Equities – Need To Moderate Return Expectations

The surge in the pandemic and the rise in the number of cases is not a good signal for the equity markets. This has resulted in limited lockdowns in many parts of the country, and some are more stringent than the rest. If such conditions persist it is bound to impact growth adversely and we may realize a less than expected economic expansion. But one thing that brings a ray of hope is that the massive vaccination efforts are still on, and this may help containing the pandemic to a large extent along with other reasonable safeguards. It is also relevant that there is significant experience gained during the course of the first wave of infections that our level of preparedness is much better and the pandemic will not be able to cause the kind of damage that it had done last time. This preparedness is there on the part of the governments as also the private corporates. This brings in some creative efficacy in the thinking and actions of the market participants. As far as the markets go, it is likely that some correction may happen if the severe conditions of the pandemic persist, but the scope for very deep corrective downward movements, of the proportions seen in last March, can be safely ruled out.

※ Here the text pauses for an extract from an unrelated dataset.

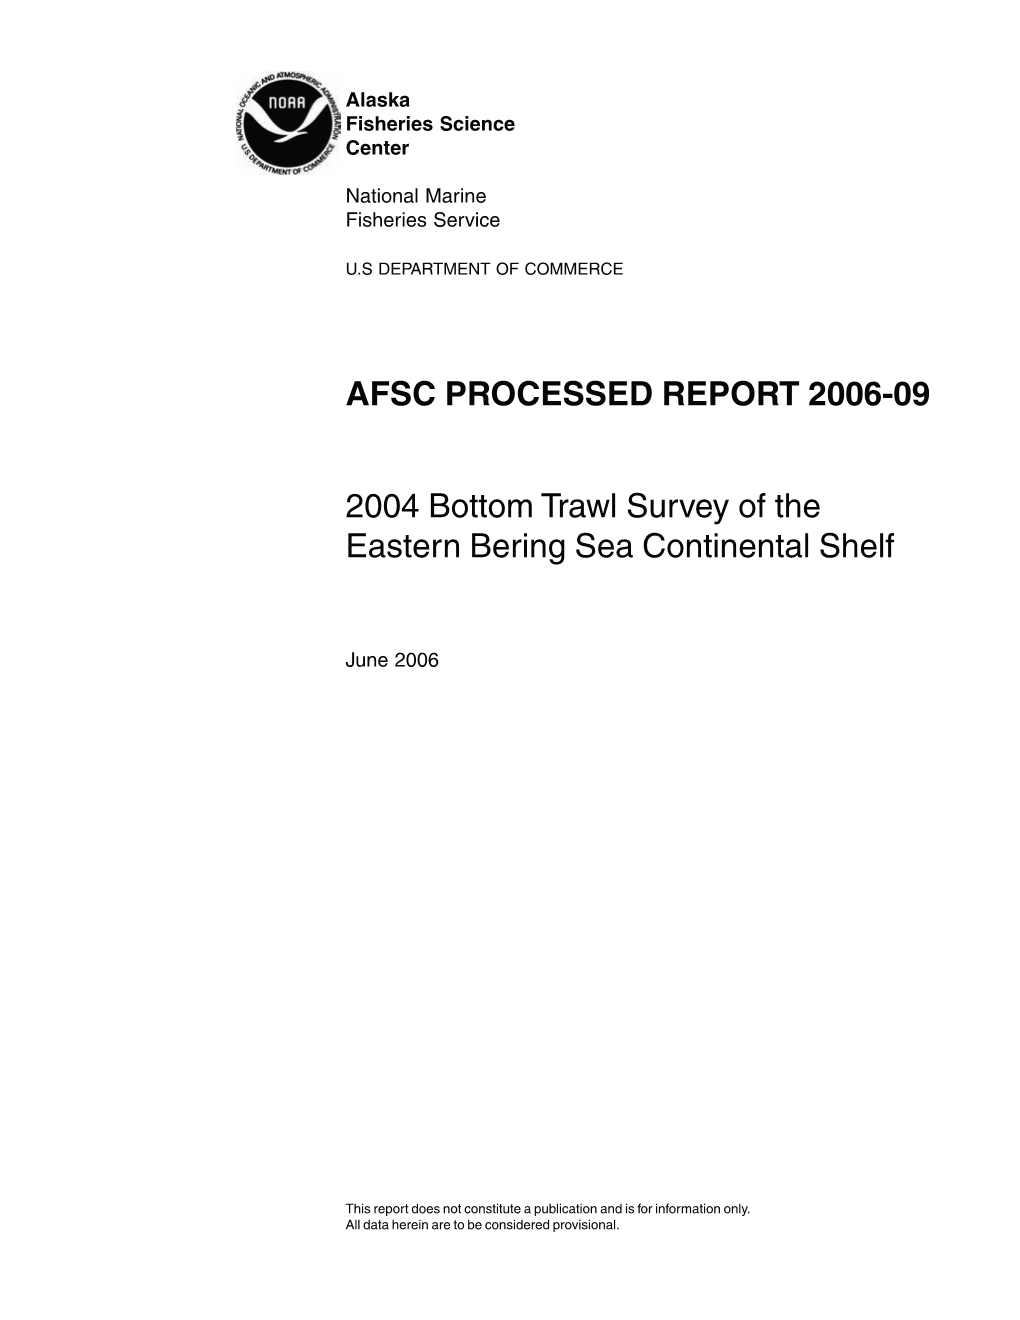 2004 Bottom Trawl Survey of the Eastern Bering Sea Continental Shelf

The RBI is likely to continue with its accommodative stance, which it may not dilute at this point of time, due to the changing ground level situation. This is despite the uptick in inflation and the rise in bond yields in developed markets in the last two months. While inflation could moderate due to changing demand conditions consequent to the widespread lockdown, there is a respite in the upward movement in bond yields in the recent past. There has not been any significant growth in  credit so far though on the manufacturing and services PMI the readings were better than expected. The consistently accommodative and pro-growth stance of the RBI will be the single determinant factor as far as the market’s ability to withstand any external shocks are concerned. Because the response from corporates would also be open and measured to the extent the support from the system is going to be in case of major developments. At the same time, any deceleration in GDP growth and a fall in output and employment may affect the earnings estimates for the coming quarters specifically because the markets have been pricing in a significant amount of sunshine after the drastic fall seen in the first two quarters of the last year.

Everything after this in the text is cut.